▶

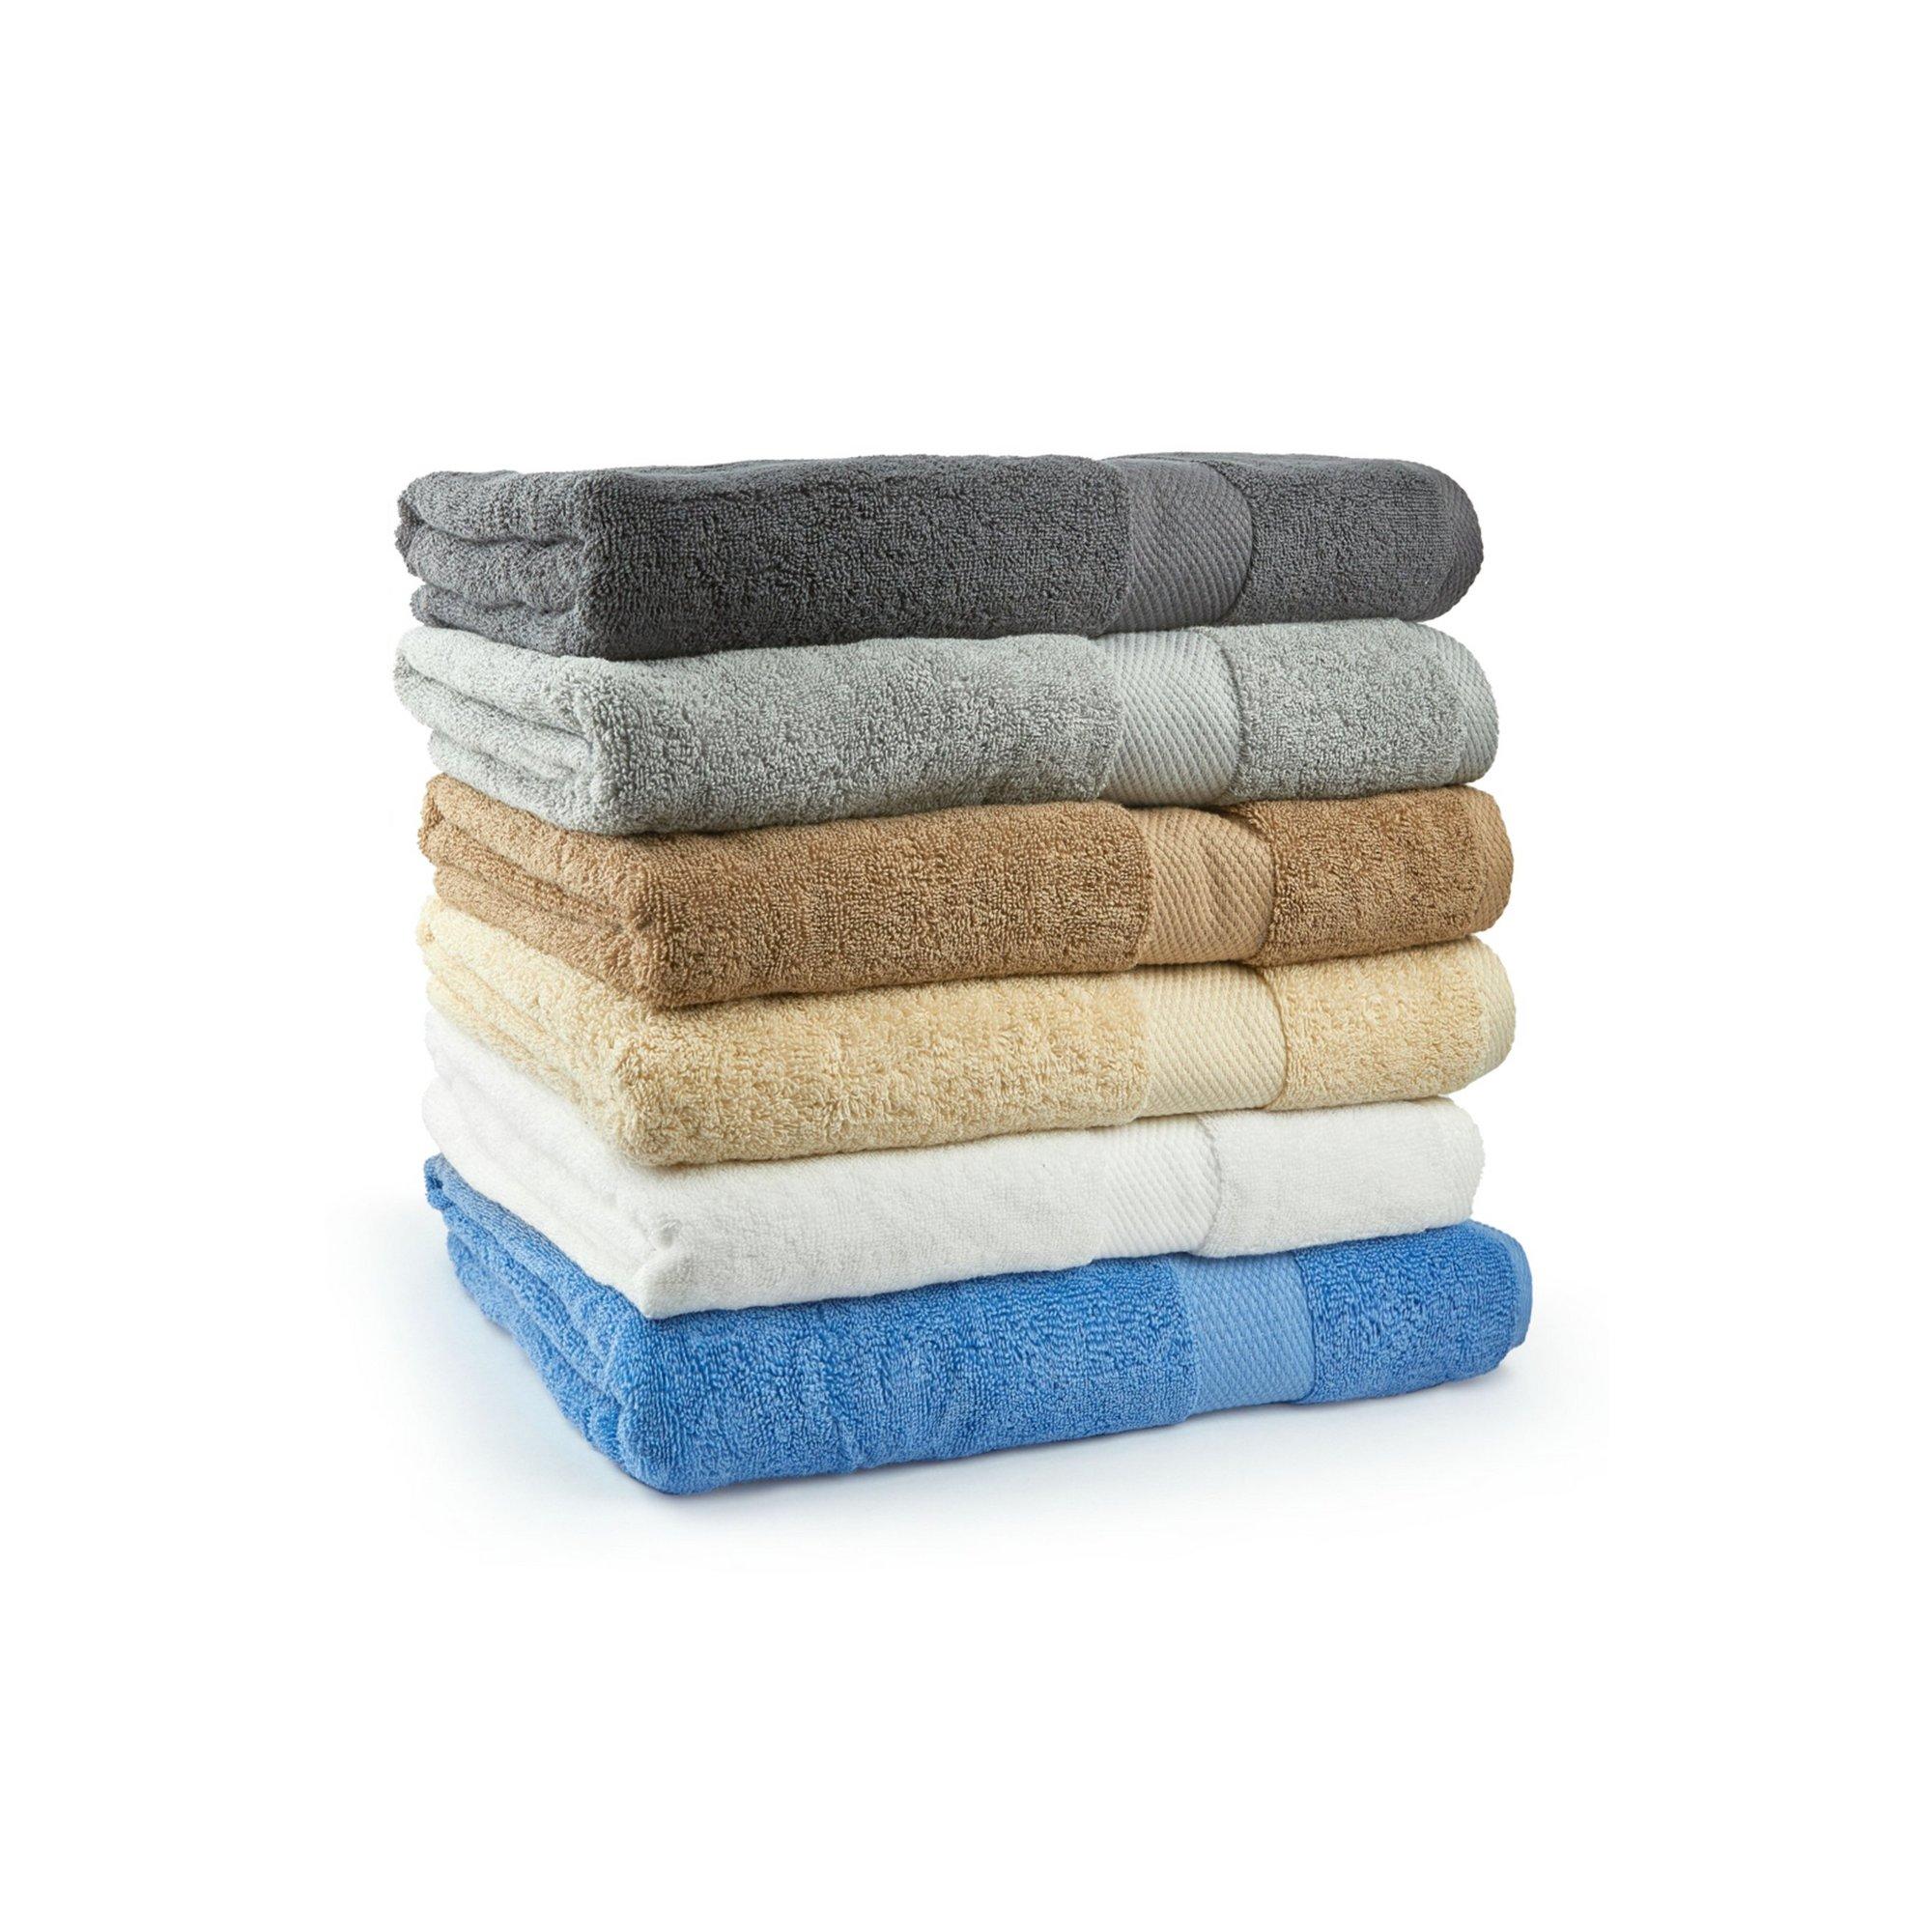 Image of Ascot Plain Dyed 2 Jumbo Bath Sheets
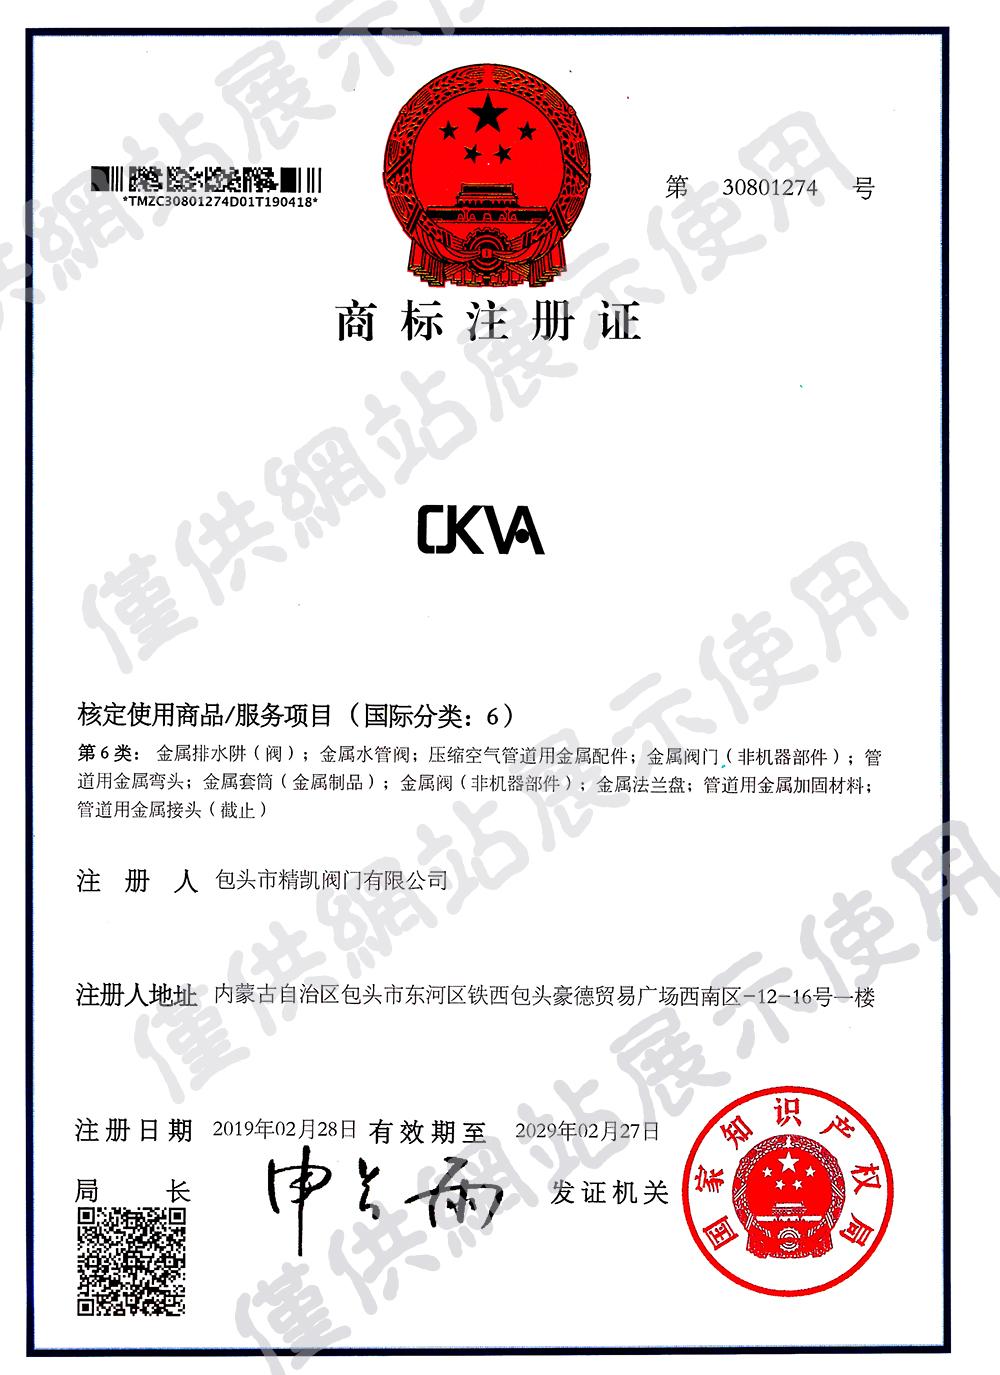 CKVA商标证正本扫描件.jpg
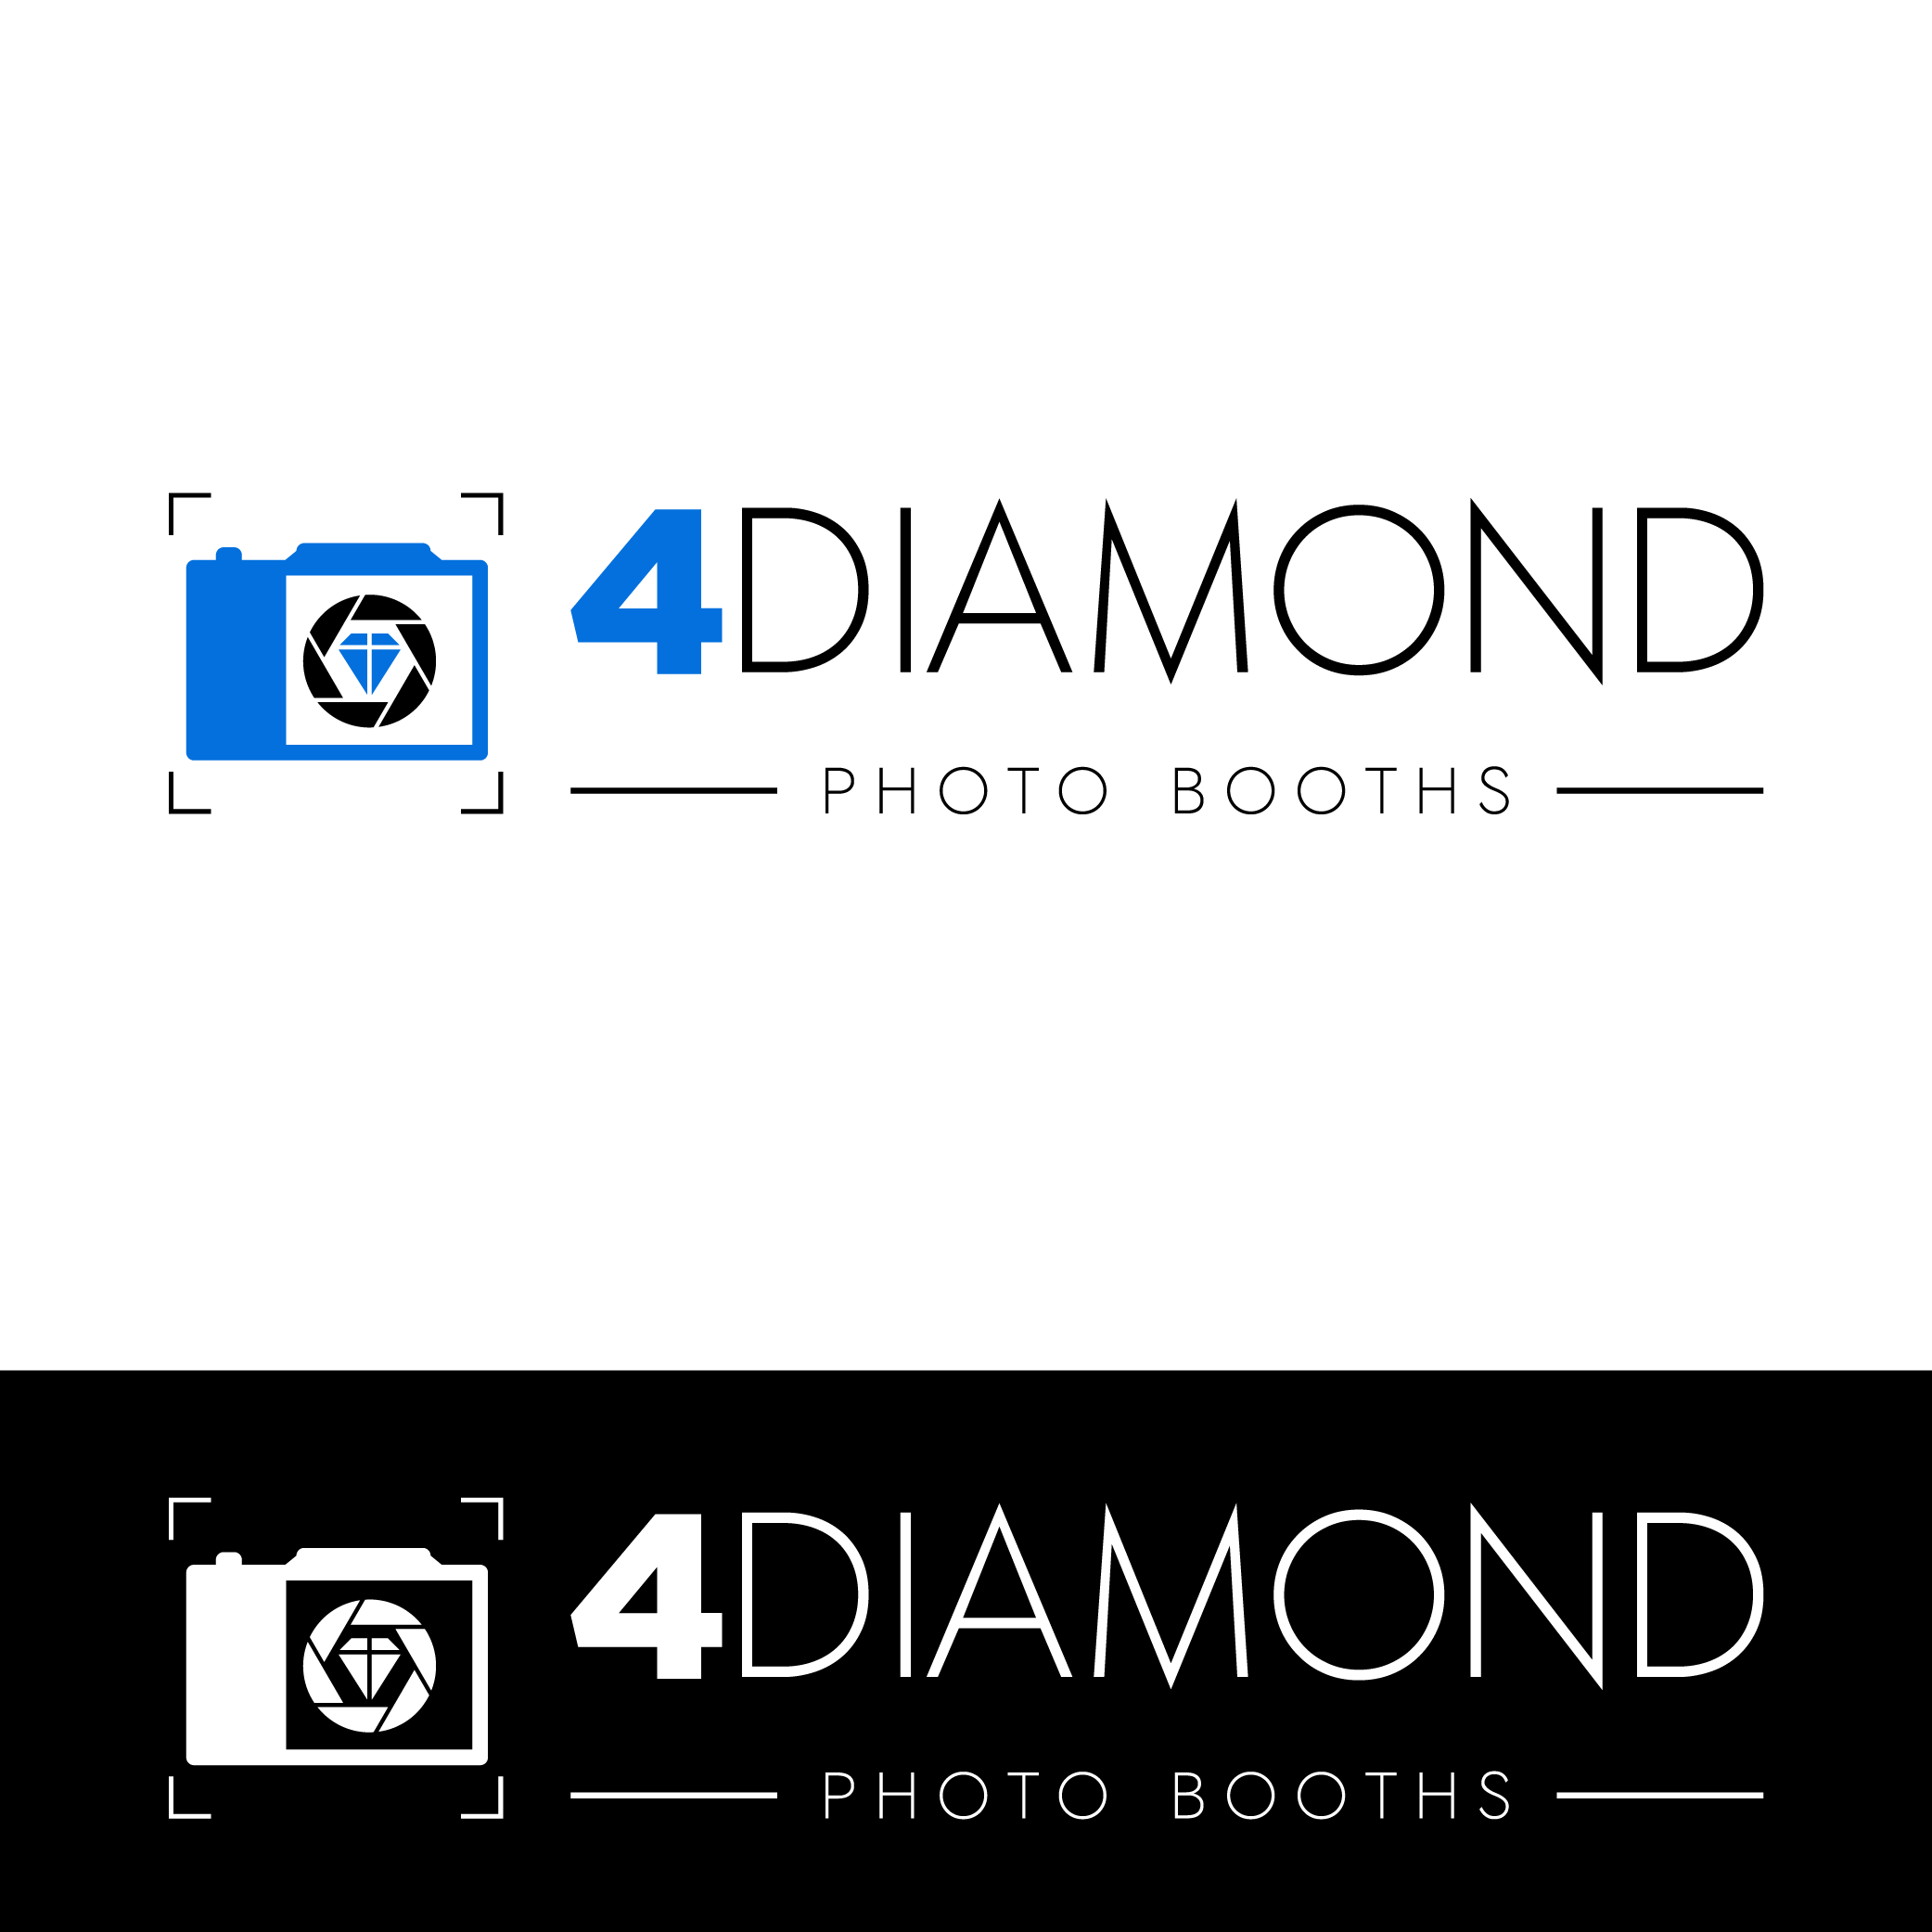 Logo Design by Private User - Entry No. 6 in the Logo Design Contest Creative Logo Design for 4 Diamond Photo Booths.

◀

> TASK DETAILS
Repeat, exactly and only, the lines from the one containing "CKVA商标证正本扫描件.jpg" through the final line of the data, both ends included, leaving out any picture.

> ANSWER TO THIS EXERCISE
 CKVA商标证正本扫描件.jpg
 Logo Design by Private User - Entry No. 6 in the Logo Design Contest Creative Logo Design for 4 Diamond Photo Booths.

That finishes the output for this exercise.